Der eine trägt Karo und graues Haar, der andere Turnschuhe und Hornbrille – Ralph Kotsch und Philipp Schwörbel (v.l.n.r., Foto: Sebastián Laraia) unterscheiden sich nicht nur optisch, auch inhaltlich stehen sie für verschiedene Positionen: Kotsch als Lokalchef und Mitglied der Chefredaktion der Berliner Zeituung, Schwörbel als Gründer der hyperlokalen Onlinezeitung Prenzlauer Berg Nachrichten. Zu deren Umwandlung in ein digitales Magazin für zahlende Mitglieder dokumentieren  freitagsmedien ein Gespräch über Graswurzeljournalismus und die Zukunft des Lokalen, als die PBN noch rein werbefinanziert waren.

Von Jan Freitag

freitagsmedien: Die Menschen sind wieder Nomaden, ihre Beweglichkeit nimmt zu, die Sesshaftigkeit ab.

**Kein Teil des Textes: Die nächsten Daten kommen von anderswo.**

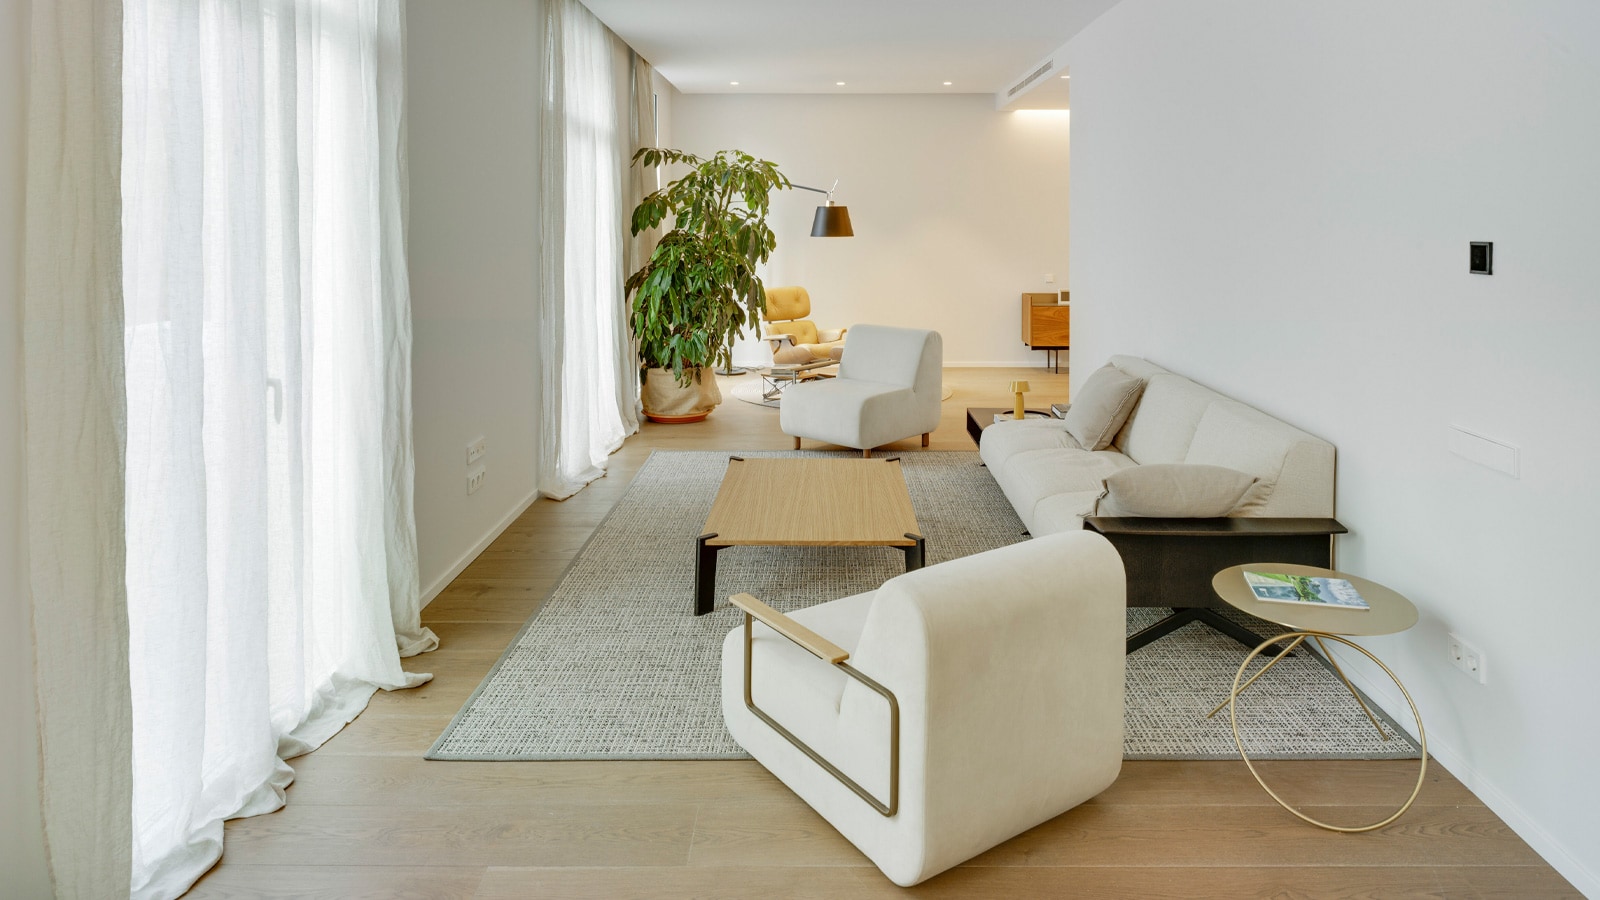 Residential AC33 in Valencia: a historic building, renovated with Porcelanosa

Welche Rolle spielt da der Lokaljournalismus?

Ralph Kotsch: Lokaljournalismus wird immer wichtig bleiben, egal, wie sich die Menschen bewegen. Immer, wenn sie irgendwo sesshaft werden, und sei es für kurze Zeit, interessieren sie sich für ihr Umfeld.

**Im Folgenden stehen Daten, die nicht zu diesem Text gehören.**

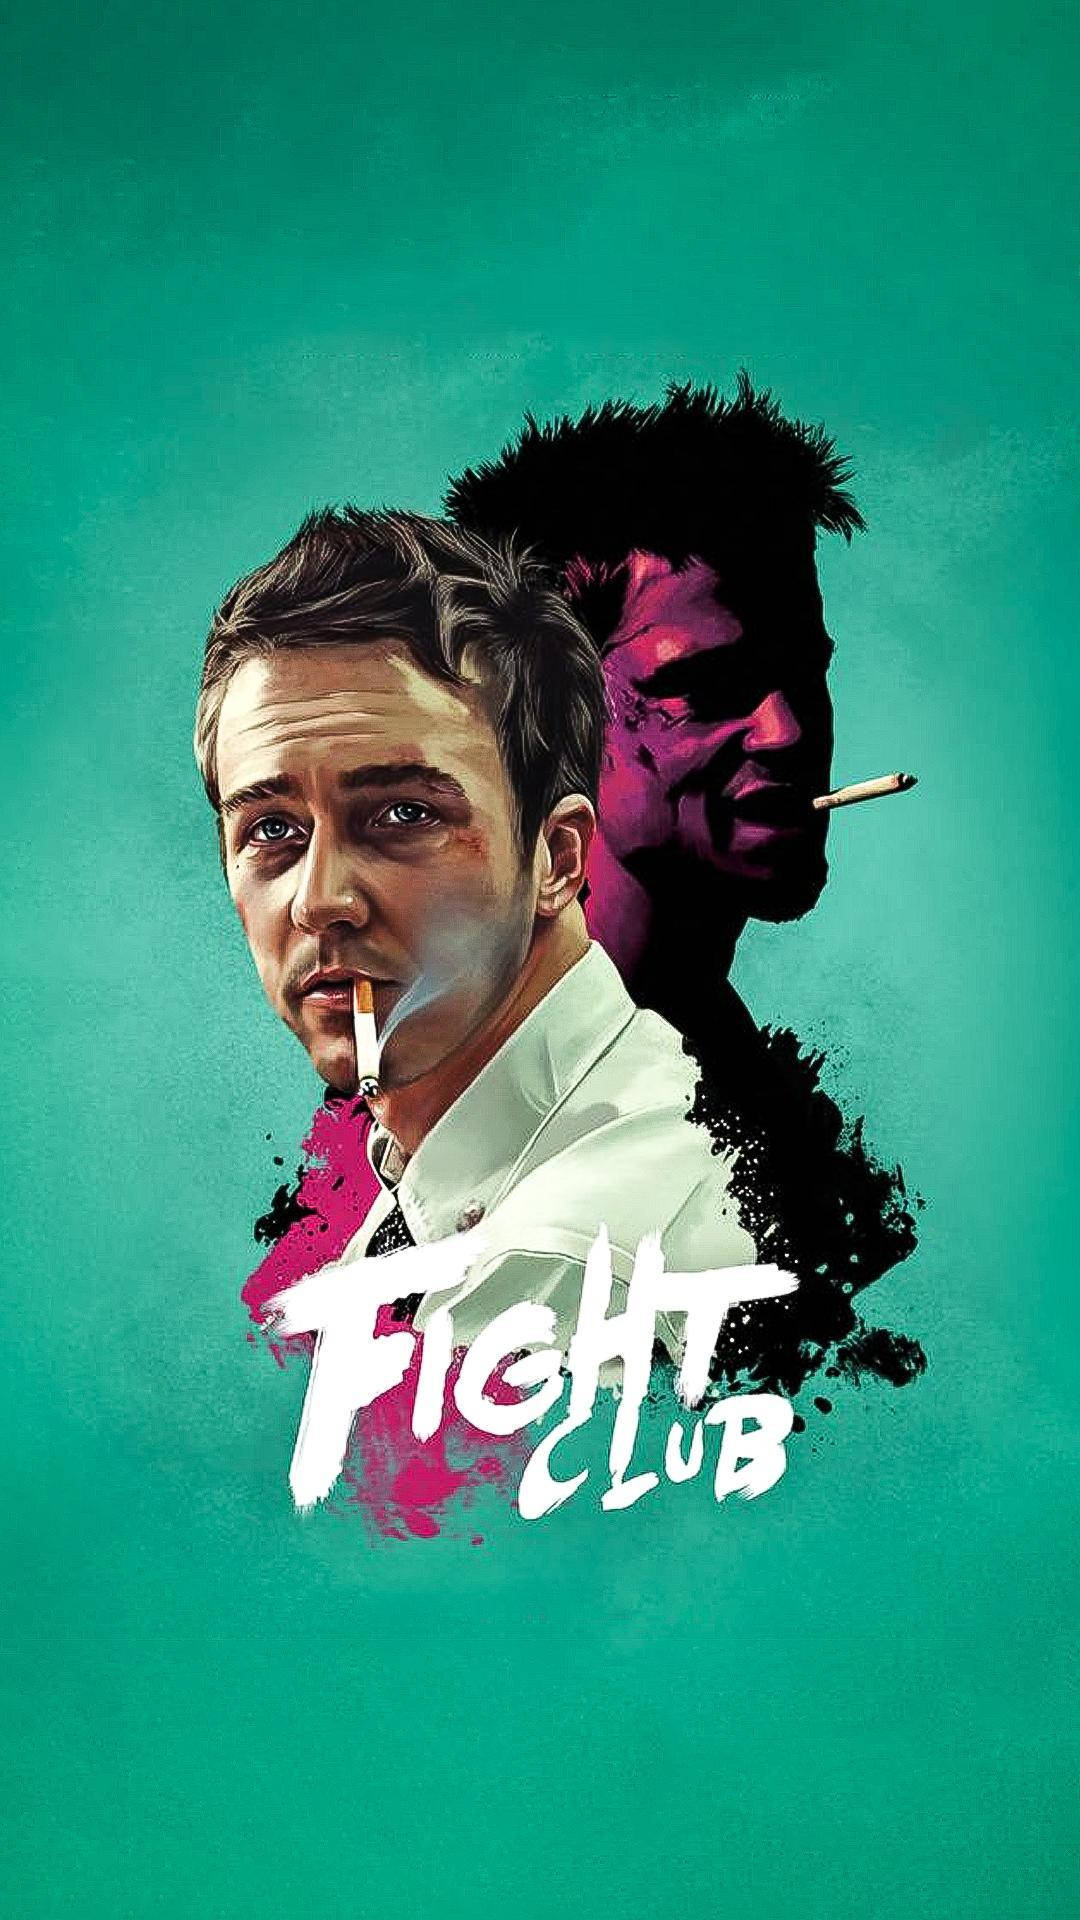 Fight Club Movie Poster Wallpaper

Philipp Schwörbel: Da stimme ich zu. Weil den Menschen wichtig ist, was vor ihrer Haustür passiert. Gerade auch in Prenzlauer Berg, wo die Fluktuation enorm ist.

Kotsch: Der Nachteil kurzer Verweildauern ist allerdings, dass Leser ihr Zeitungsabo schneller kündigen oder gar nicht erst abschließen. Für das Marketing mögen sich dadurch neue Herausforderungen ergeben, für uns Journalisten bleibt die Arbeit im Kern gleich. Mal abgesehen davon, dass wir Neuankömmlingen die Stadt erklären müssen, ohne Alteingesessene zu langweilen.

Schwörbel: Es ist eine Mär zu glauben, dass unser Leben sich nur noch digital und global abspielt, nur weil wir mobiler geworden sind. Das Leben ist doch zu geschätzten 95 Prozent lokal.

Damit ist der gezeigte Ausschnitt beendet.